How can I get the T from an Option<T> when using syn?

I'm using syn to parse Rust code. When I read a named field's type using field.ty, I get a syn::Type. When I print it using quote!{#ty}.to_string() I get "Option<String>".

How can I get just "String"? I want to use #ty in quote! to print "String" instead of "Option<String>".
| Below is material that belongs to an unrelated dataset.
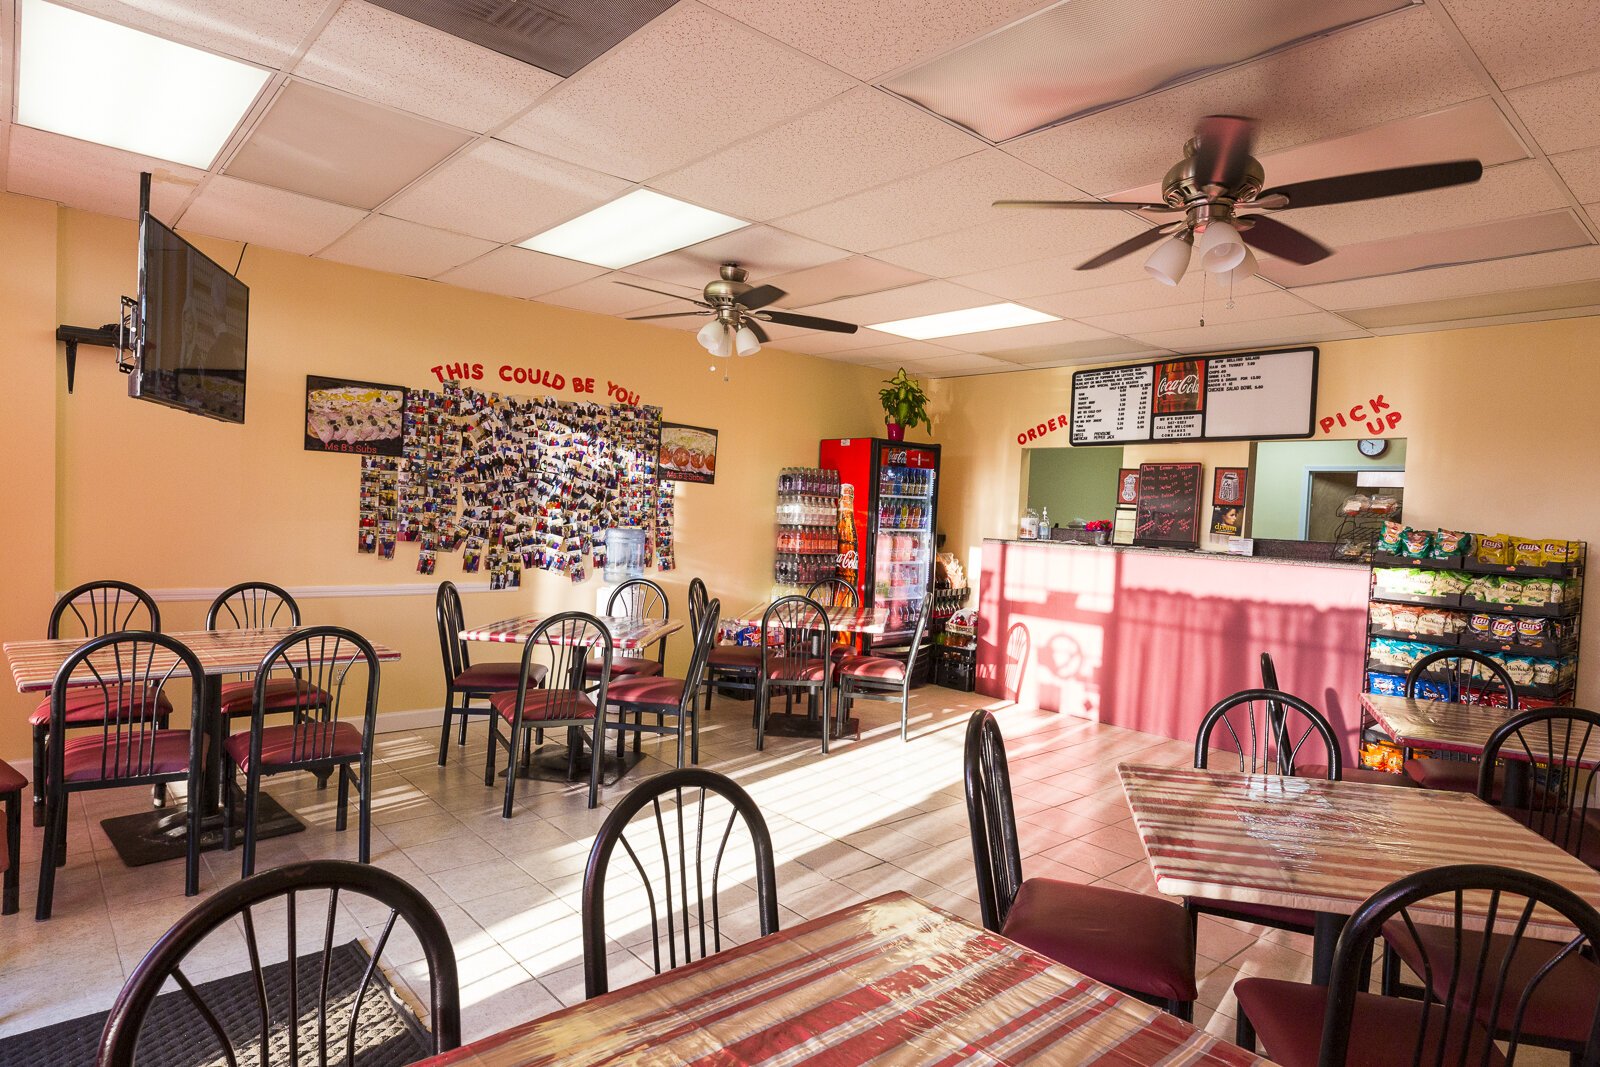 Ms. B's Sub Shop opened in January 2019 and already has a devoted fan base, thanks in large part to co-owner Bonnie Harris's fame as the secret behind the sandwiches at the Super Submarine Sandwich Shop, better known as Chinese Sub Shop. (Ziggy Mack)

I want to generate code like:

impl Foo {
    pub set_bar(&mut self, v: String) {
        self.bar = Some(v);
    }
}

starting from

struct Foo {
    bar: Option<String>
}

My attempt:

let ast: DeriveInput = parse_macro_input!(input as DeriveInput);

let data: Data = ast.data;

match data {
    Data::Struct(ref data) => match data.fields {
        Fields::Named(ref fields) => {

            fields.named.iter().for_each(|field| {
                let name = &field.ident.clone().unwrap();

                let ty = &field.ty;
                quote!{
                    impl Foo {
                        pub set_bar(&mut self, v: #ty) {
                            self.bar = Some(v);
                        }
                    }
                };      
            });
        }
        _ => {}
    },
    _ => panic!("You can derive it only from struct"),
}
Solution

  • You should do something like this untested example:

    use syn::{GenericArgument, PathArguments, Type};

fn extract_type_from_option(ty: &Type) -> Type {
    fn path_is_option(path: &Path) -> bool {
        leading_colon.is_none()
            && path.segments.len() == 1
            && path.segments.iter().next().unwrap().ident == "Option"
    }

    match ty {
        Type::Path(typepath) if typepath.qself.is_none() && path_is_option(typepath.path) => {
            // Get the first segment of the path (there is only one, in fact: "Option"):
            let type_params = typepath.path.segments.iter().first().unwrap().arguments;
            // It should have only on angle-bracketed param ("<String>"):
            let generic_arg = match type_params {
                PathArguments::AngleBracketed(params) => params.args.iter().first().unwrap(),
                _ => panic!("TODO: error handling"),
            };
            // This argument must be a type:
            match generic_arg {
                GenericArgument::Type(ty) => ty,
                _ => panic!("TODO: error handling"),
            }
        }
        _ => panic!("TODO: error handling"),
    }
}

    There's not many things to explain, it just "unrolls" the diverse components of a type:

    Type -> TypePath -> Path -> PathSegment -> PathArguments -> AngleBracketedGenericArguments -> GenericArgument -> Type.

    If there is an easier way to do that, I would be happy to know it.

    Note that since syn is a parser, it works with tokens. You cannot know for sure that this is an Option. The user could, for example, type std::option::Option, or write type MaybeString = std::option::Option<String>;. You cannot handle those arbitrary names.